Breathing has been on my mind lately. It may have been the yoga class I took the other day. “Focus on breath,” said the instructor. And so I did.
Or perhaps it was because of a recent phone call with my mother. She spent the entire time coughing, struggling to catch her breath as a result of a terrible bout with bronchitis. “Breathing is so hard,” she said.
Or perhaps it was because my teenage daughter was diagnosed with exercise-induced asthma. No one in my family or my husband’s family has this disease, but our daughter does. She plays year-round club soccer and runs track; she’s outdoors, breathing hard, almost every day. Now, not only are her muscles straining, so are her lungs.
So, like any good mother, I started doing some research. Here are a few things I’ve learned recently...
- American coal plants produce 386,000 tons of hazardous air pollutants every year.
- These pollutants infect our children through the air and the food supply (That mercury in tuna? Well, now you know where it comes from).
- The pollutants emitted by coal plants have been linked to birth defects, immune disorders, cancer, and ...asthma.
- Average air quality in Palo Alto ranks 12 on a scale of 1 to 100 (100 being the highest). The average city across the US comes in at 82. Not doing so well, are we?
Which is why I am now holding my breath.
This week, the Obama Administration is scheduled to approve a set of rulings issued last spring by the EPA that would update the Clean Air Act. If implemented, the rulings will dramatically cut mercury, heavy metals, acid gas, and other emissions from power plants, specifically coal-burning plants.
The Mercury and Air Toxics Standards would require coal-fired plants to install emission filters on their smoke stacks, providing for a significant reduction in pollution. Unfortunately, these efforts to protect our air have become a hot potato in the game of politics.
Toxic emissions were restricted by the Clean Air Act signed into law in 1970 by President Richard Nixon. In 1990, President George Bush signed an amendment providing for tighter regulations. However, it wasn’t until 2000, under President Clinton, that coal-fired plants were included in the Clean Air Act.
Now the act is being dismantled, one tarnished piece of coal at a time. Select members of the energy industry such as American Electric Power, the country’s largest coal-burning electric utility, and their political friends, such as Rep. Fred Upton (R-MI), chairman of the House Energy and Commerce Committee, argue restrictions on coal-powered plants will force undue burden and cost - something they insist no one wants to do in a limping economy.
In the past year, they have worked to limit EPA influence by attempting to significantly cut its budget and by aggressively lobbying against the new standards.
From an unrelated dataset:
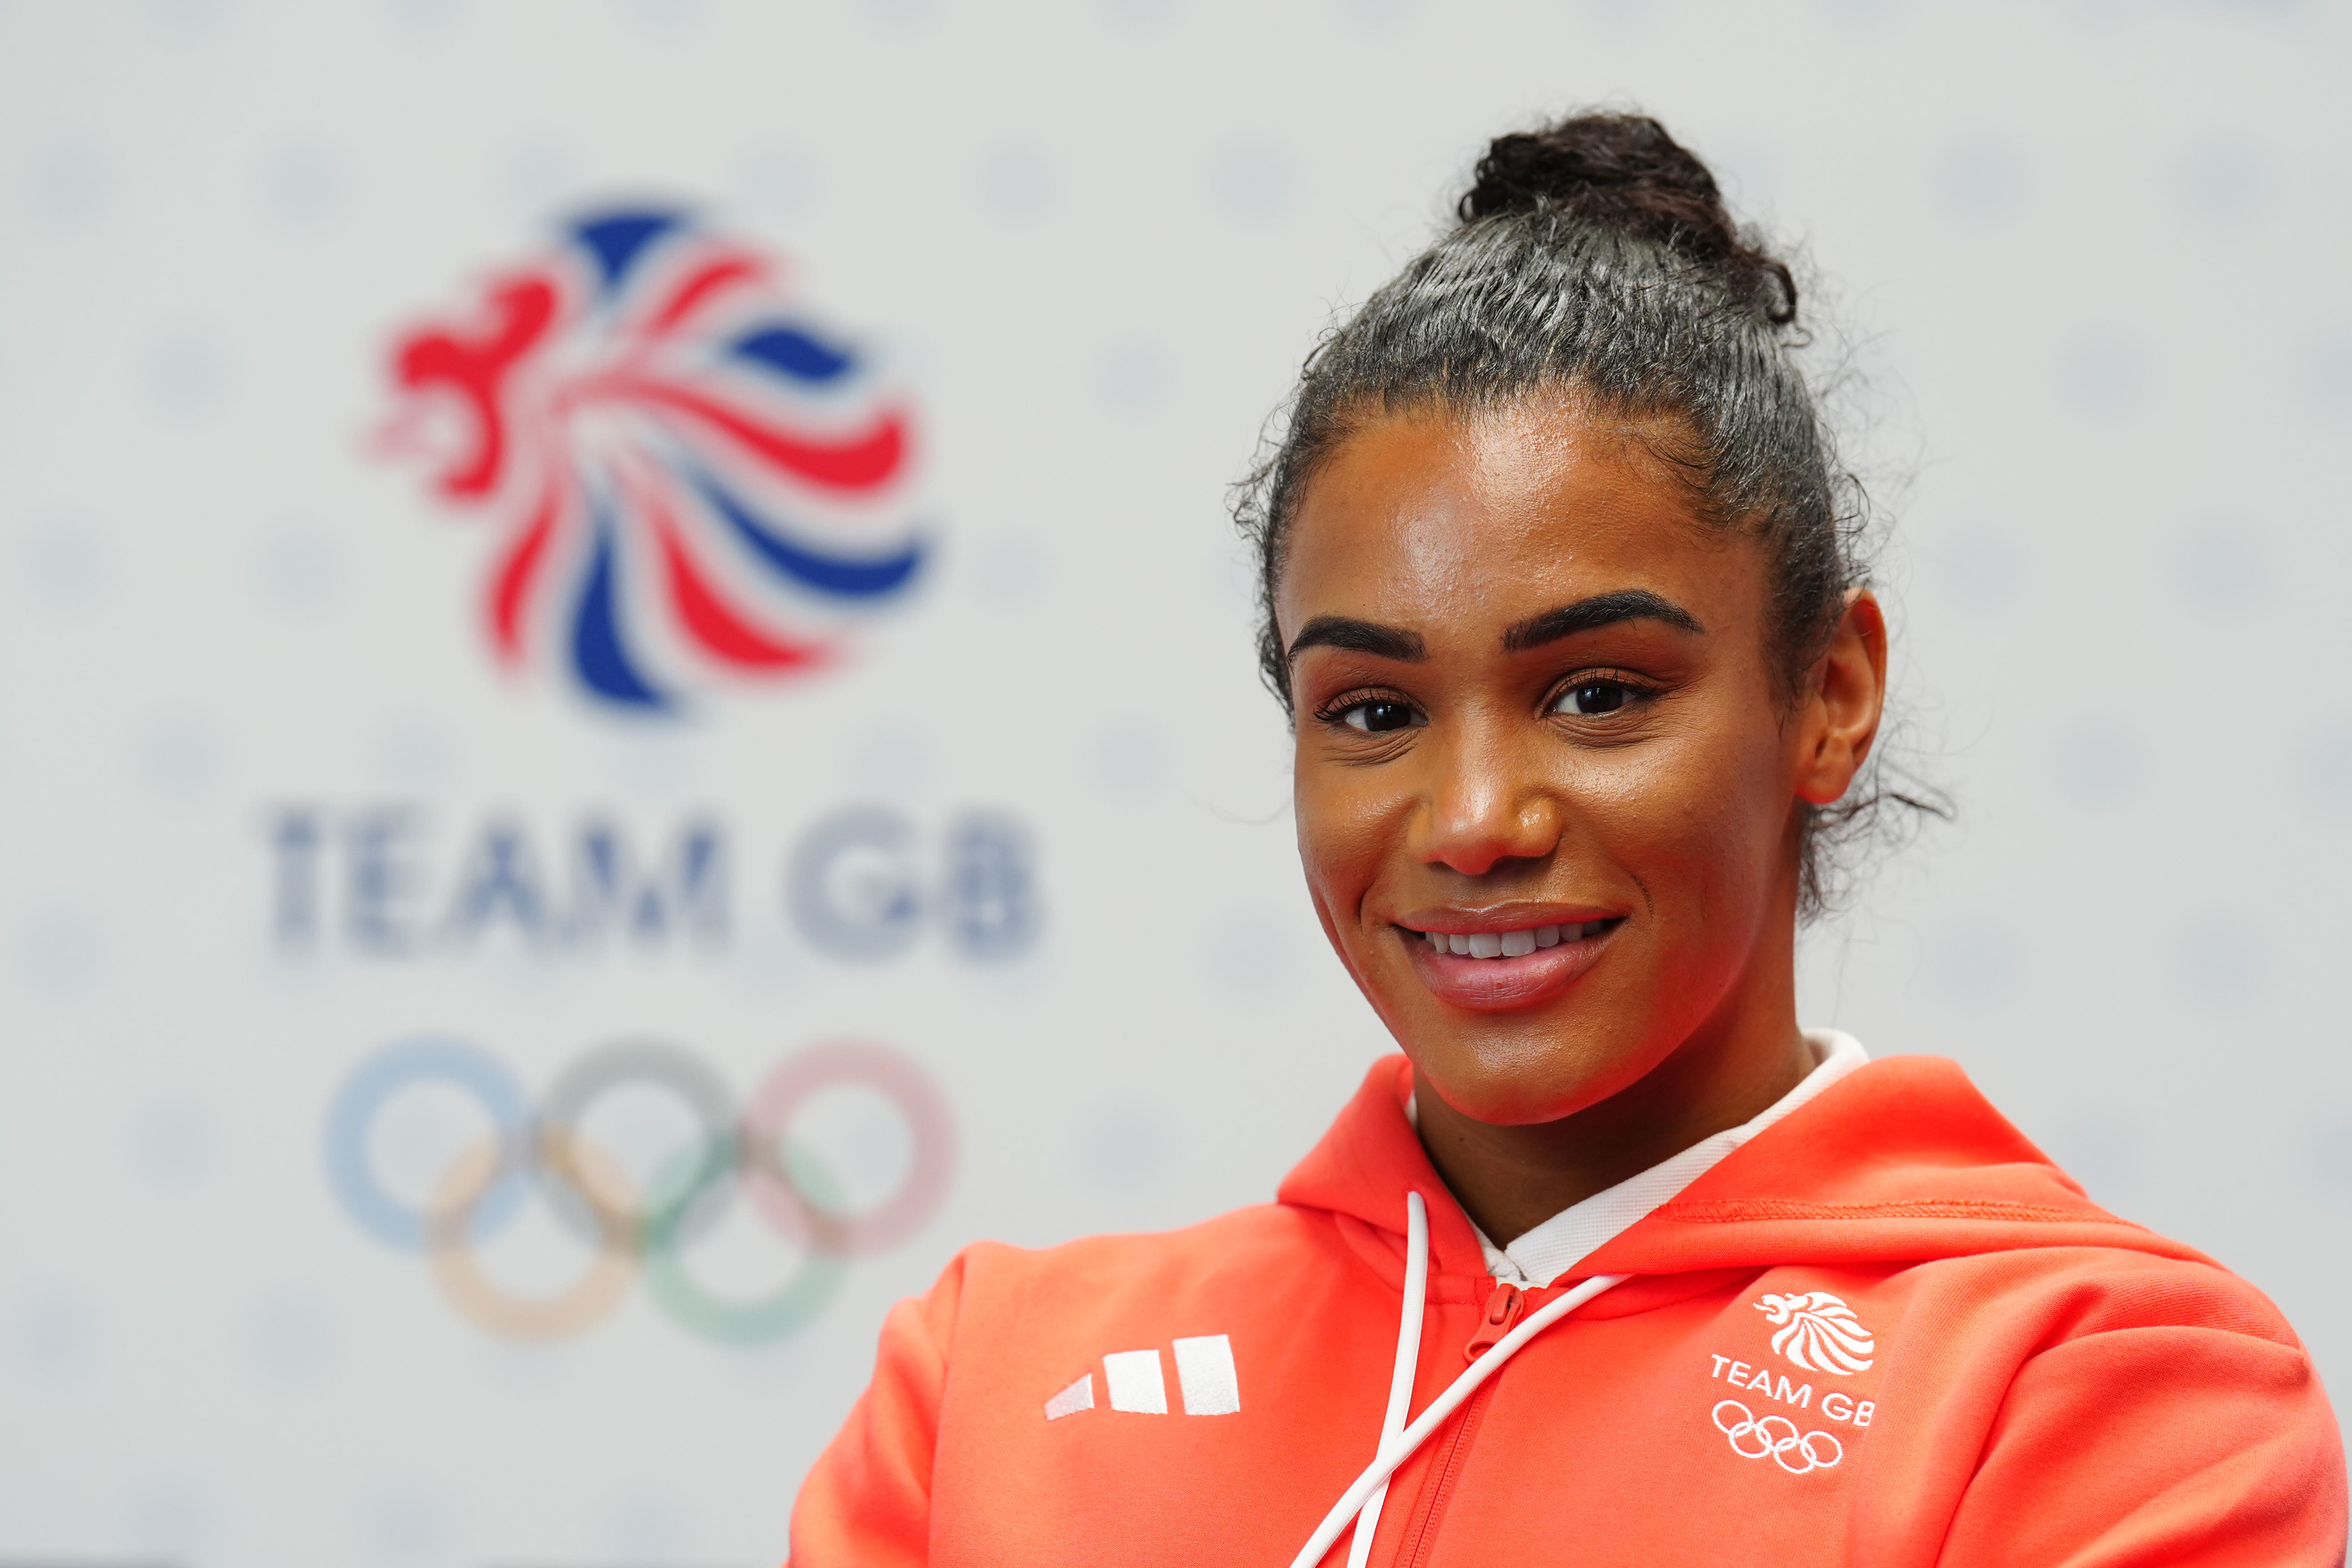 Chantelle Reid will compete at Paris 2024 eight years after being forced to stop boxing

These rulings, they claim, will result in rolling black outs, a loss of jobs, and could potentially even lead to bankruptcy. They argue the industry needs more time.
Of course, they have had since 2000 to limit pollution from their plants. Some forward thinking companies have already taken the initiative to reign in their impact on the environment. Constellation Energy installed controls for mercury and other pollutants on its big power plant outside Baltimore, according to senior vice president, Paul Allen, as reported on NPR. The retrofitting took a little more than two years and at the peak of construction, it put 1,300 people to work.
The EPA has indicated the annual industry costs of implementing the new standards will run nearly $11 billion; nothing to sneeze at. However, when weighed against the benefits to our children it is hard to argue with the inherent value of these proposals.
A 2008 study reported in the journal Health Affairs indicated we spend $76.6 billion annually on environmentally related illness in children. These illnesses range from lead poisoning, to mercury exposure, and even to asthma add great burden to families and our extended community. Trust me, I know.
My hope is that our president will not bow to the winds of politics as he has done recently on other environmental issues. He’s promised to support the EPA rulings, but until I hear the announcement, I won’t be able to let out a sigh of relief.